• EXERCISE PROMPT: Print the whole listing again exactly as it stands, leaving out any images.

• DATA SECTION:
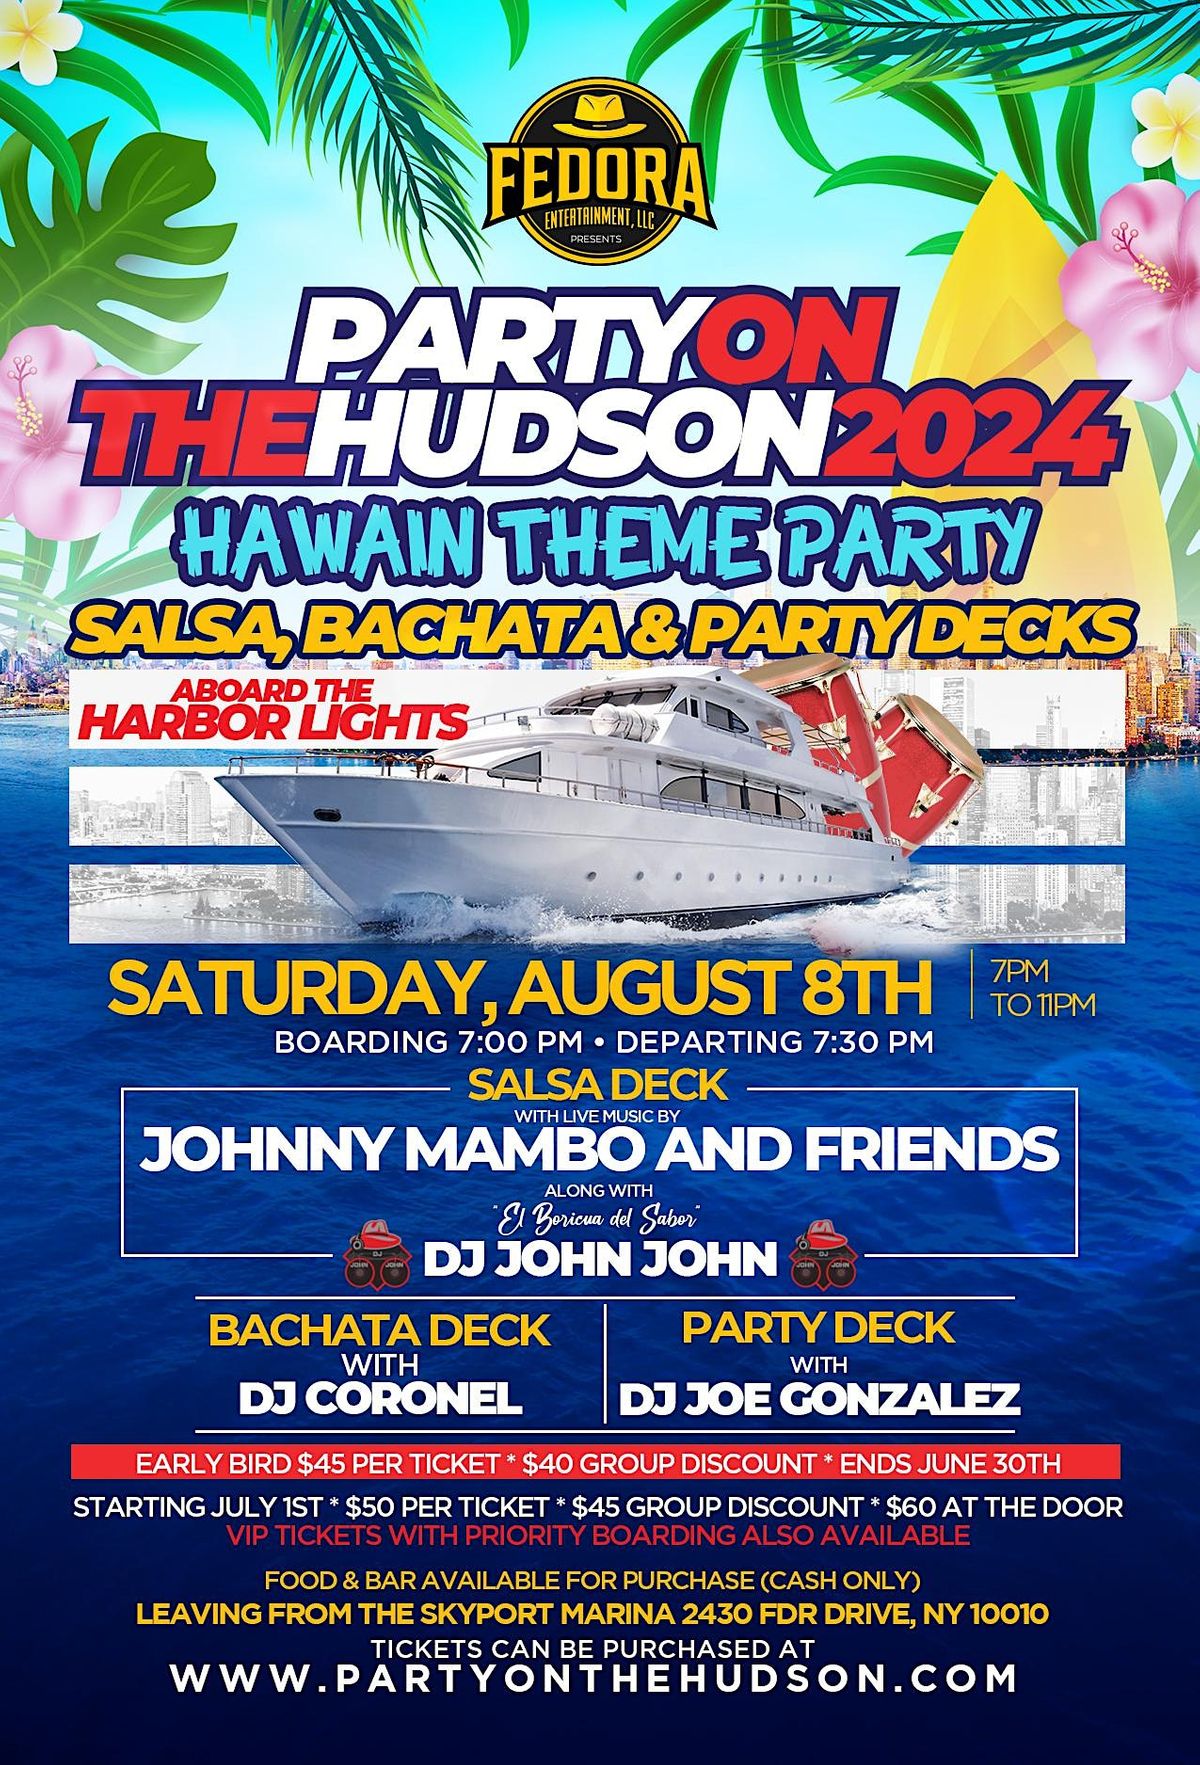 Party On The Hudson HAWIAN THEME PARTY with 3 Decks of Music
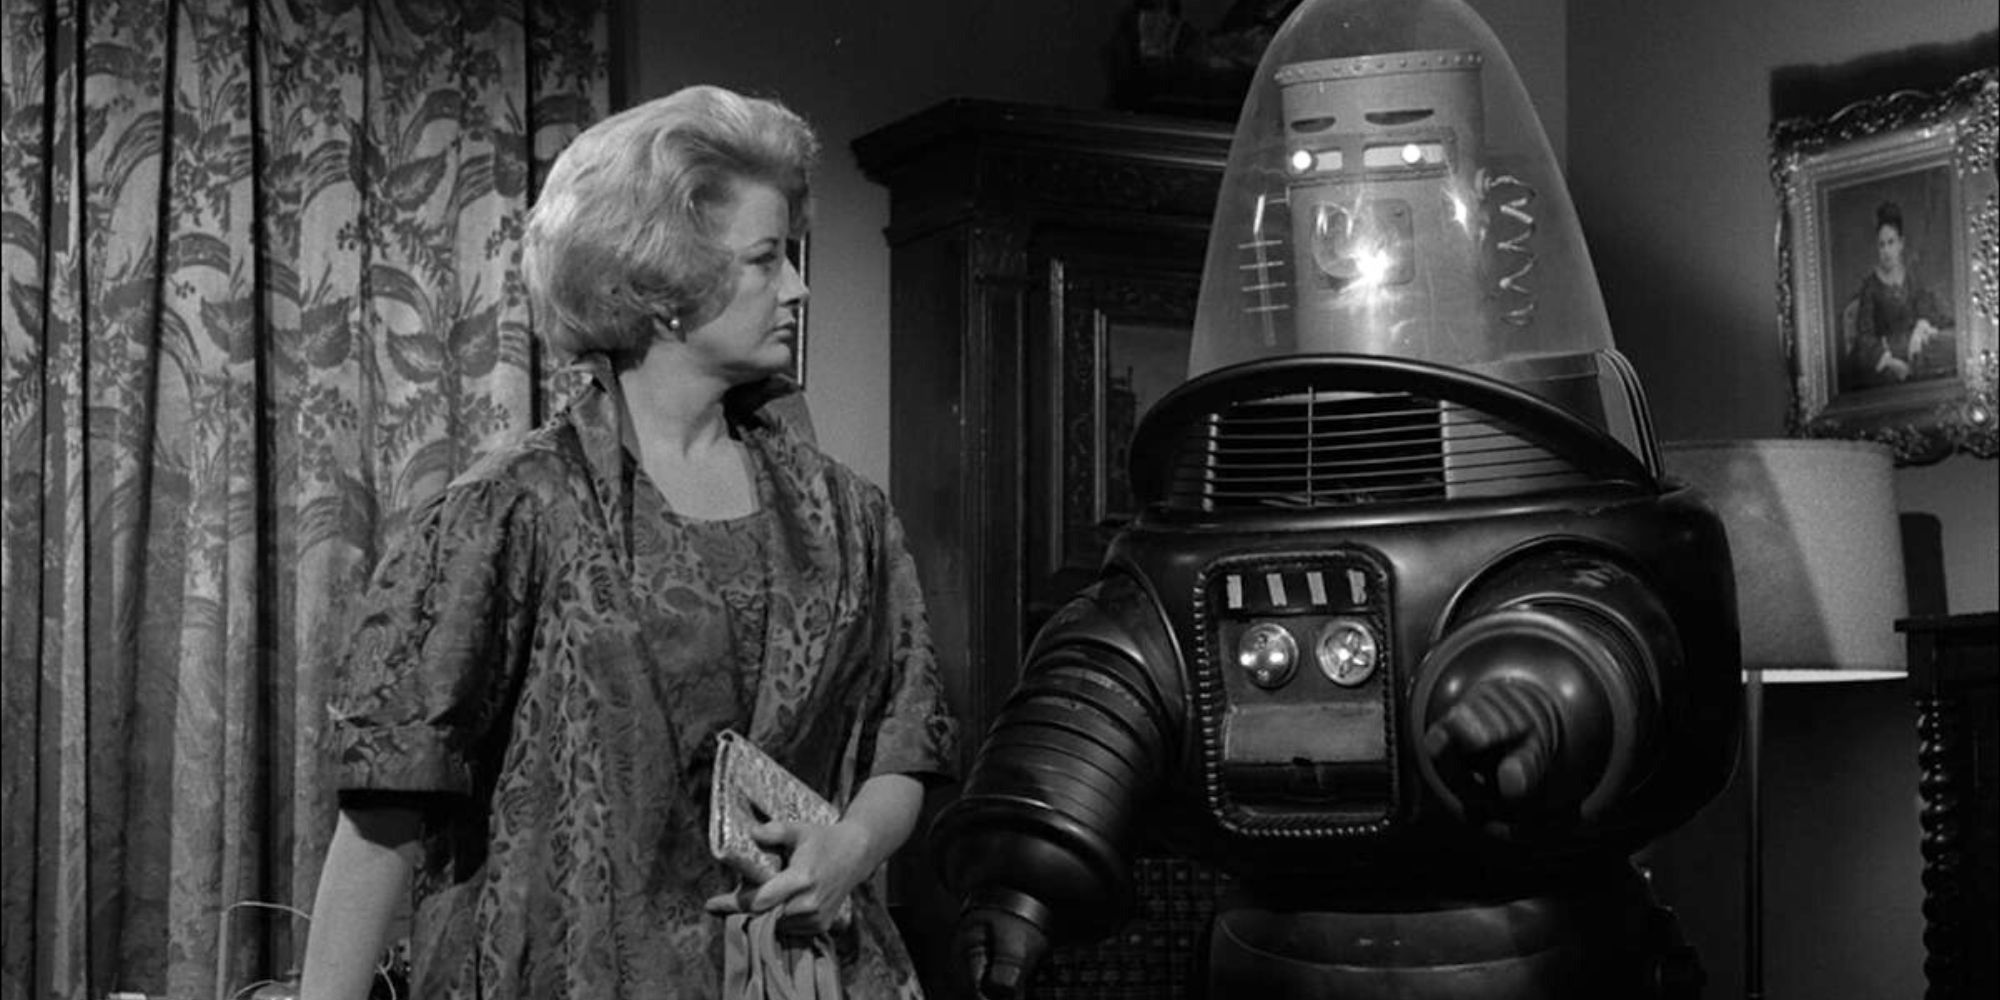 Constance Ford standing next to a giant robot in The Twilight Zone
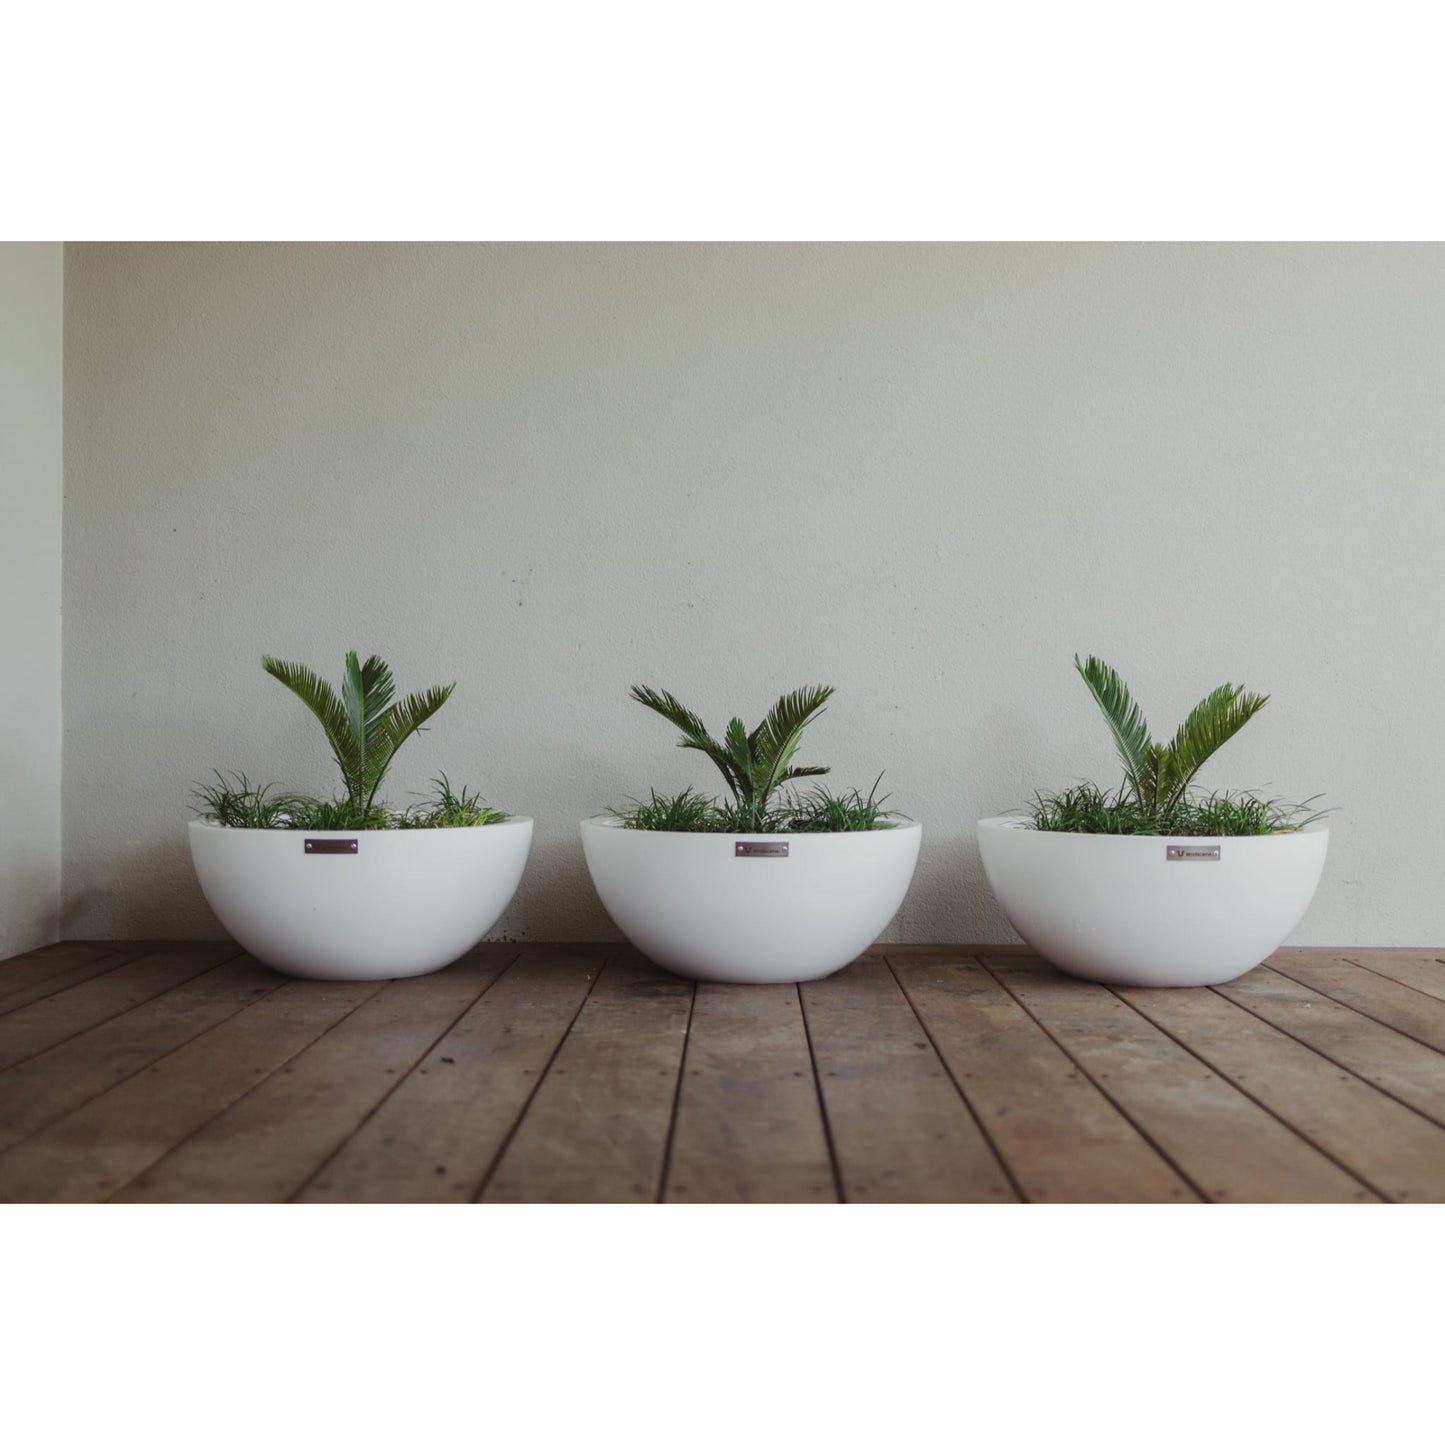 White bowl planter pots on a balcony planter with small cycads.

• EXERCISE RESULT:
 Party On The Hudson HAWIAN THEME PARTY with 3 Decks of Music
 Constance Ford standing next to a giant robot in The Twilight Zone
 White bowl planter pots on a balcony planter with small cycads.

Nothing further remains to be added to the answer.